[Intel-gfx] [RFC PATCH 00/97] Basic GuC submission support in the i915

Thu Jun 3 10:52:05 UTC 2021

On 03/06/2021 04:41, Matthew Brost wrote:
> On Wed, Jun 02, 2021 at 08:57:02PM +0200, Daniel Vetter wrote:
>> On Wed, Jun 2, 2021 at 5:27 PM Tvrtko Ursulin
>> <tvrtko.ursulin at linux.intel.com> wrote:
>>> On 25/05/2021 17:45, Matthew Brost wrote:
>>>> On Tue, May 25, 2021 at 11:32:26AM +0100, Tvrtko Ursulin wrote:
>>>>>    * Context pinning code with it's magical two adds, subtract and cmpxchg is
>>>>> dodgy as well.
>>>>
>>>> Daniele tried to remove this and it proved quite difficult + created
>>>> even more races in the backend code. This was prior to the pre-pin and
>>>> post-unpin code which makes this even more difficult to fix as I believe
>>>> these functions would need to be removed first. Not saying we can't
>>>> revisit this someday but I personally really like it - it is a clever
>>>> way to avoid reentering the pin / unpin code while asynchronous things
>>>> are happening rather than some complex locking scheme. Lastly, this code
>>>> has proved incredibly stable as I don't think we've had to fix a single
>>>> thing in this area since we've been using this code internally.
>>>
>>> Pretty much same as above. The code like:
>>>
>>> static inline void __intel_context_unpin(struct intel_context *ce)
>>> {
>>>          if (!ce->ops->sched_disable) {
>>>                  __intel_context_do_unpin(ce, 1);
>>>          } else {
>>>                  while (!atomic_add_unless(&ce->pin_count, -1, 1)) {
>>>                          if (atomic_cmpxchg(&ce->pin_count, 1, 2) == 1) {
>>>                                  ce->ops->sched_disable(ce);
>>>                                  break;
>>>                          }
>>>                  }
>>>          }
>>> }
>>>
>>> That's pretty much impenetrable for me and the only thing I can think of
>>> here is **ALARM** must be broken! See what others think..
> 
> Yea, probably should add a comment:
> 
> /*
>   * If the context has the sched_disable function, it isn't safe to unpin
>   * until this function completes. This function is allowed to complete
>   * asynchronously too. To avoid this function from being entered twice
>   * and move ownership of the unpin to this function's completion, adjust
>   * the pin count to 2 before it is entered. When this function completes
>   * the context can call intel_context_sched_unpin which decrements the
>   * pin count by 2 potentially resulting in an unpin.
>   *
>   * A while loop is needed to ensure the atomicity of the pin count. e.g.
>   * The below if / else statement has a race:
>   *
>   * if (atomic_cmpxchg(&ce->pin_count, 1, 2) == 1)
>   * 	ce->ops->sched_disable(ce);
>   * else
>   * 	atomic_dec(ce, 1);
>   *
>   * Two threads could simultaneously fail the if clause resulting in the
>   * pin_count going to 0 with scheduling enabled + the context pinned.
>   */

I have many questions here..

How time bound is the busy loop?

In guc_context_sched_disable the case where someone pins after the magic 
2 has been set is handled.

But what is pin_count got to 2 legitimately, via the unpin and pin 
between the atomic_cmpxchg in __intel_context_unpin and relevant lines 
in guc_context_sched_disable get to execute?
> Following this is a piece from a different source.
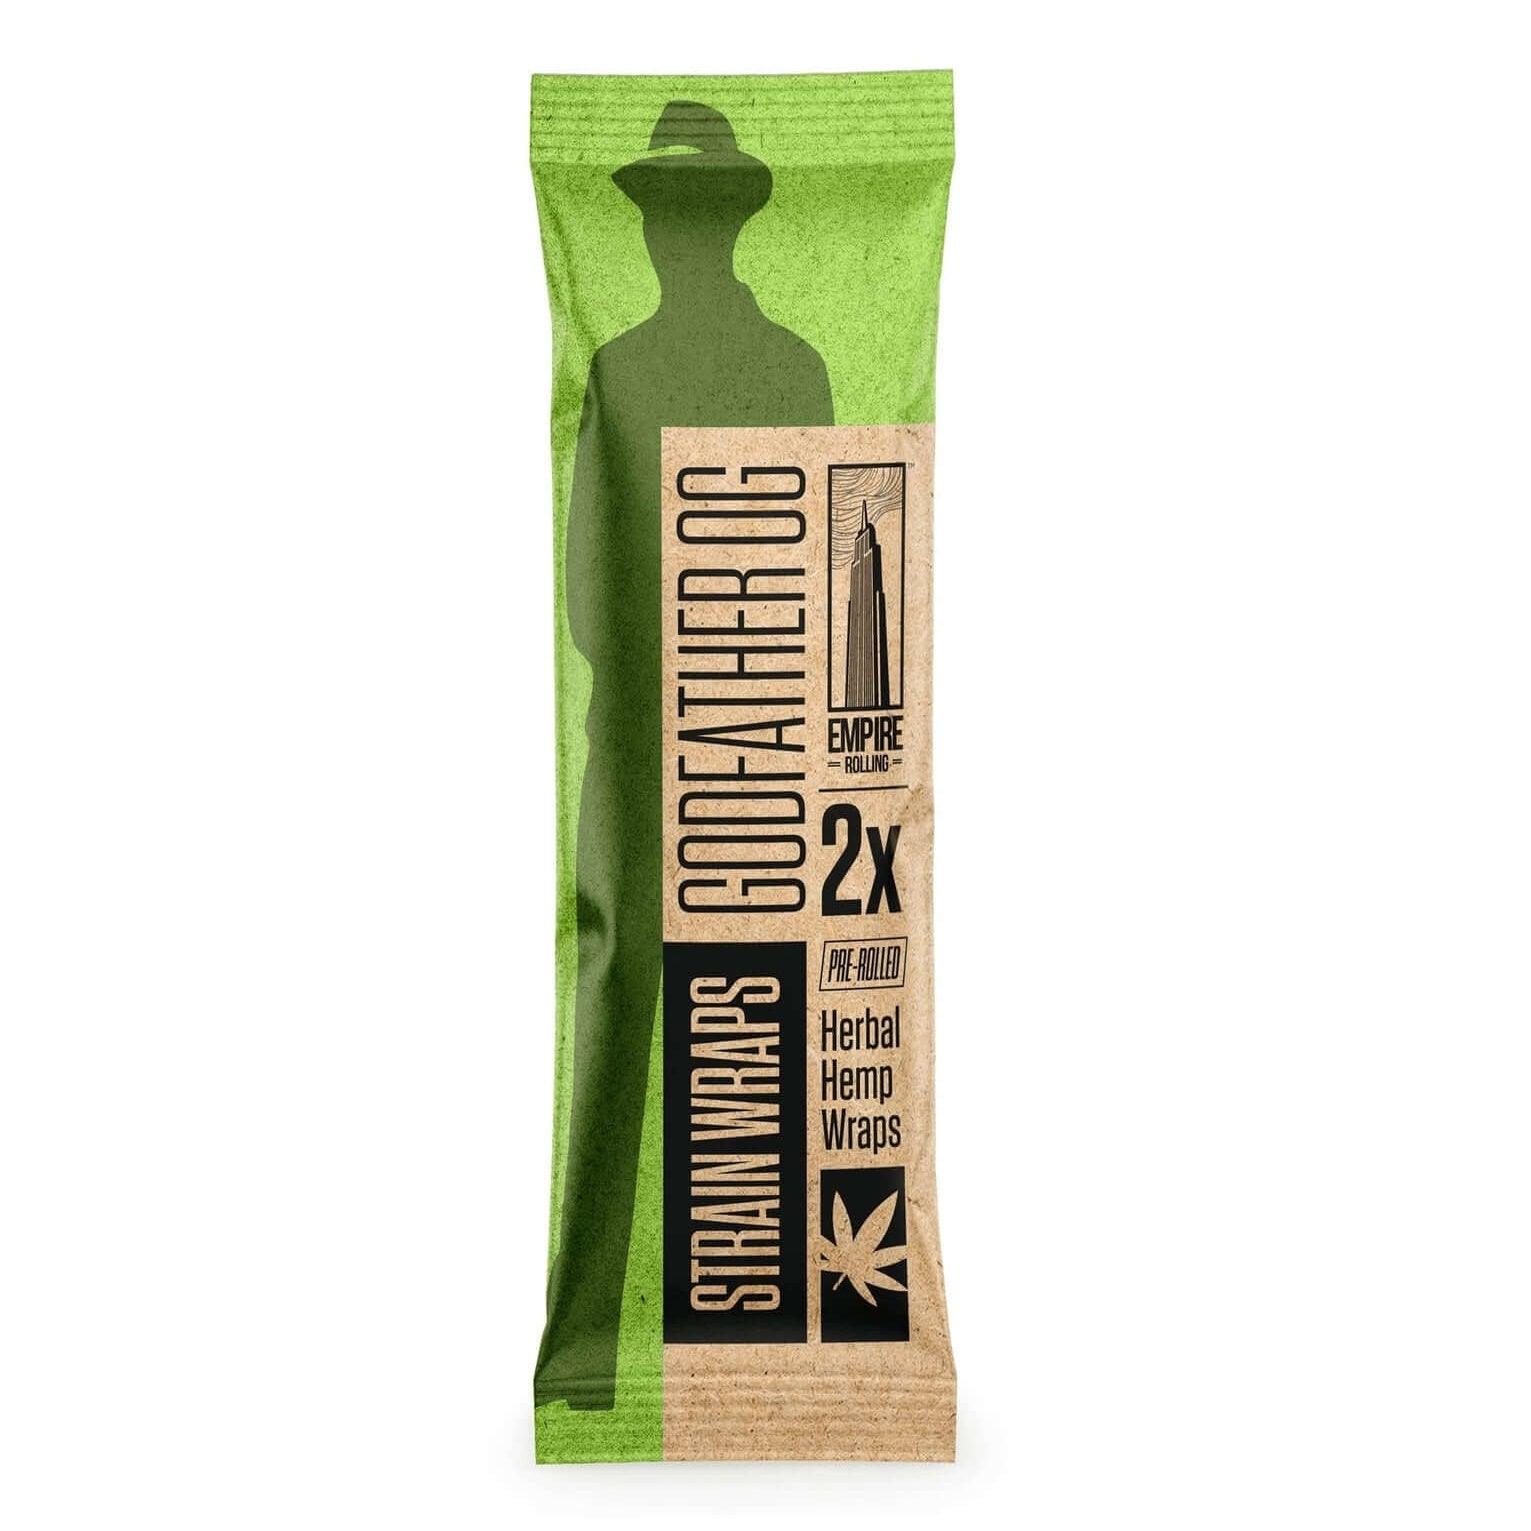 Empire Rolling's King Size Organic Hemp Rolling Papers, eco-friendly and crafted with high-quality, natural materials for a premium smoking experience.Strain Wraps: Godfather OG Hemp - Empire Rolling Papers

Why is the pin_count dec in guc_context_sched_disable under the 
ce->guc_state.lock?

What is the point of:

	enabled = context_enabled(ce);
	if (unlikely(!enabled || submission_disabled(guc))) {
		if (!enabled)
			clr_context_enabled(ce);

Reads like clearing the enabled bit if it is not set?!

Why is:

static inline void clr_context_enabled(struct intel_context *ce)
{
	atomic_and((u32)~SCHED_STATE_NO_LOCK_ENABLED,
		   &ce->guc_sched_state_no_lock);
}

Operating on a field called "guc_sched_state_no_lock" (no lock!) while 
the caller is holding guc_state.lock while manipulating that lock.

Regards,

Tvrtko